SUPPLIED INFORMATION

____________

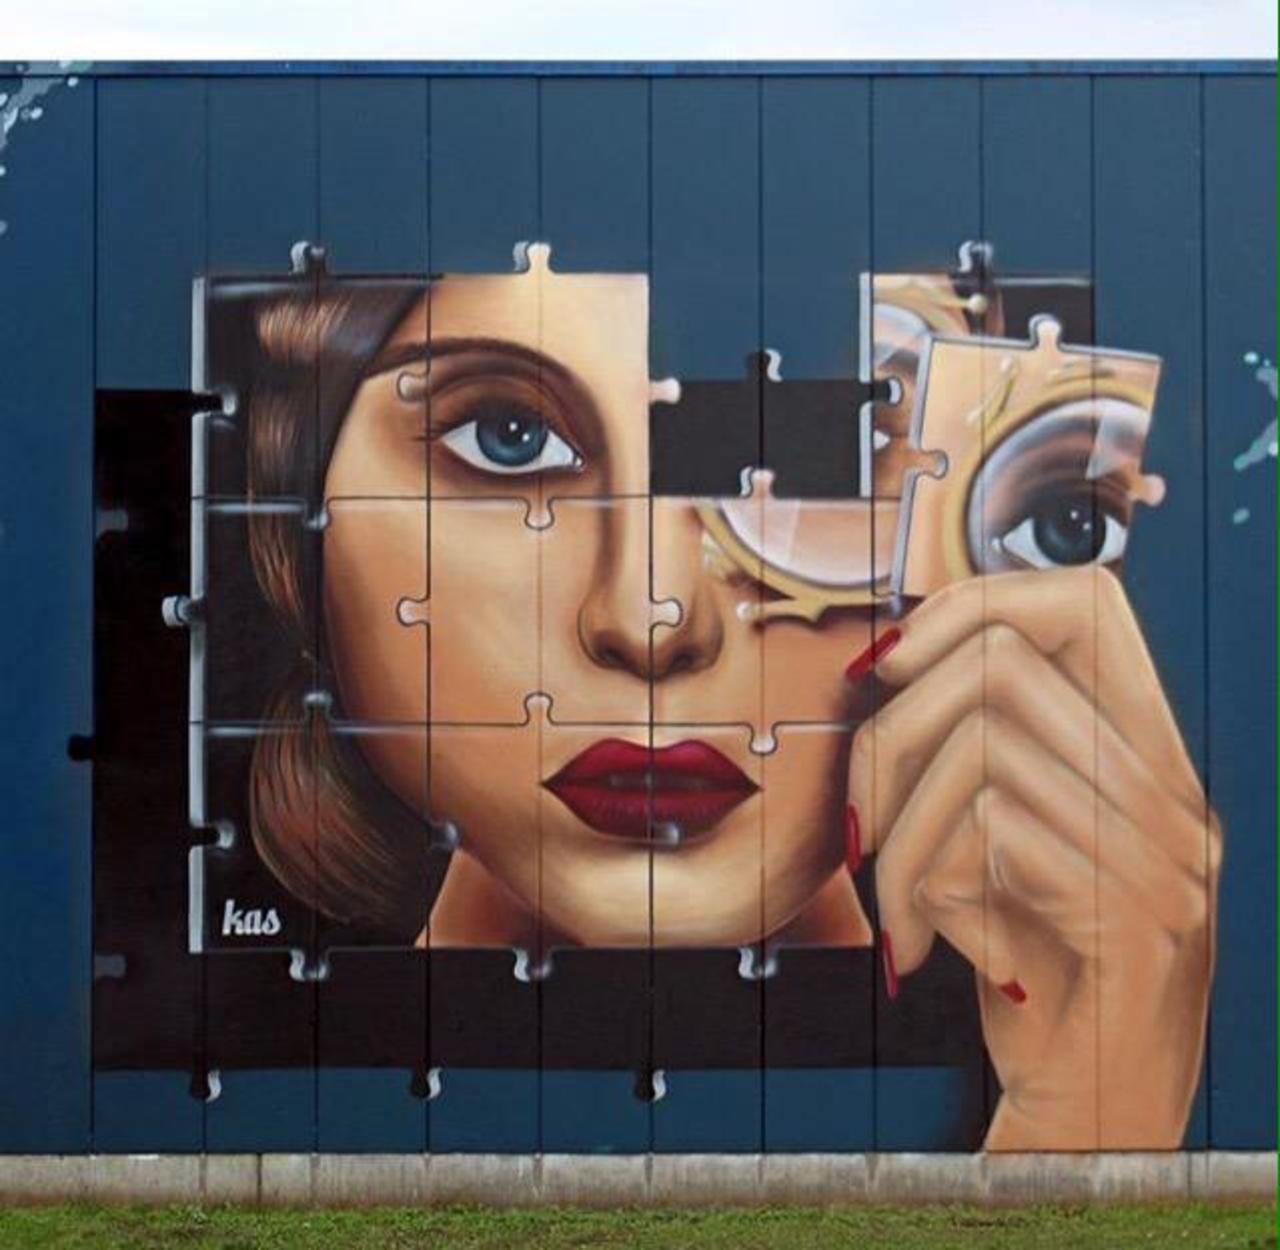 Kas Art's new Street Art "Piece of me" in Aalst Belgium 

#art #graffiti #mural #streetart http://t.co/0fkSjalu0B
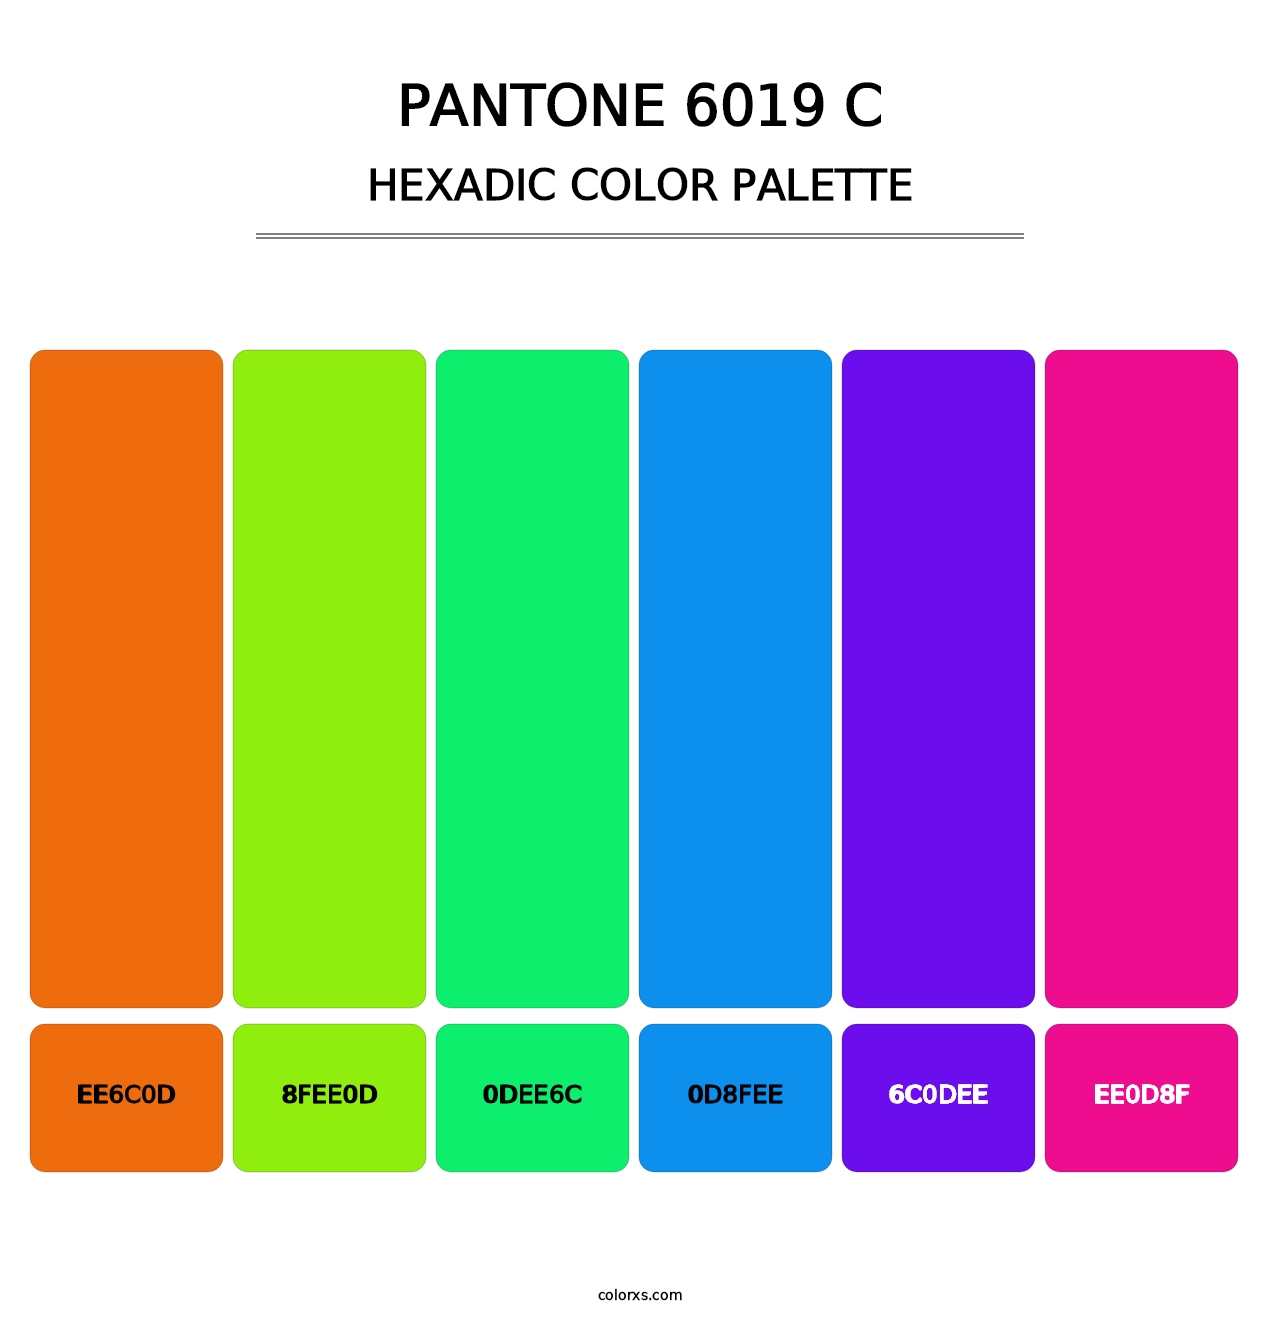 PANTONE 6019 C - Hexadic Color Palette

____________

WORK ORDER
The copy must match every line of the data exactly and contain no pictures.

FINISHED TASK
 Kas Art's new Street Art "Piece of me" in Aalst Belgium 

#art #graffiti #mural #streetart http://t.co/0fkSjalu0B
 PANTONE 6019 C - Hexadic Color Palette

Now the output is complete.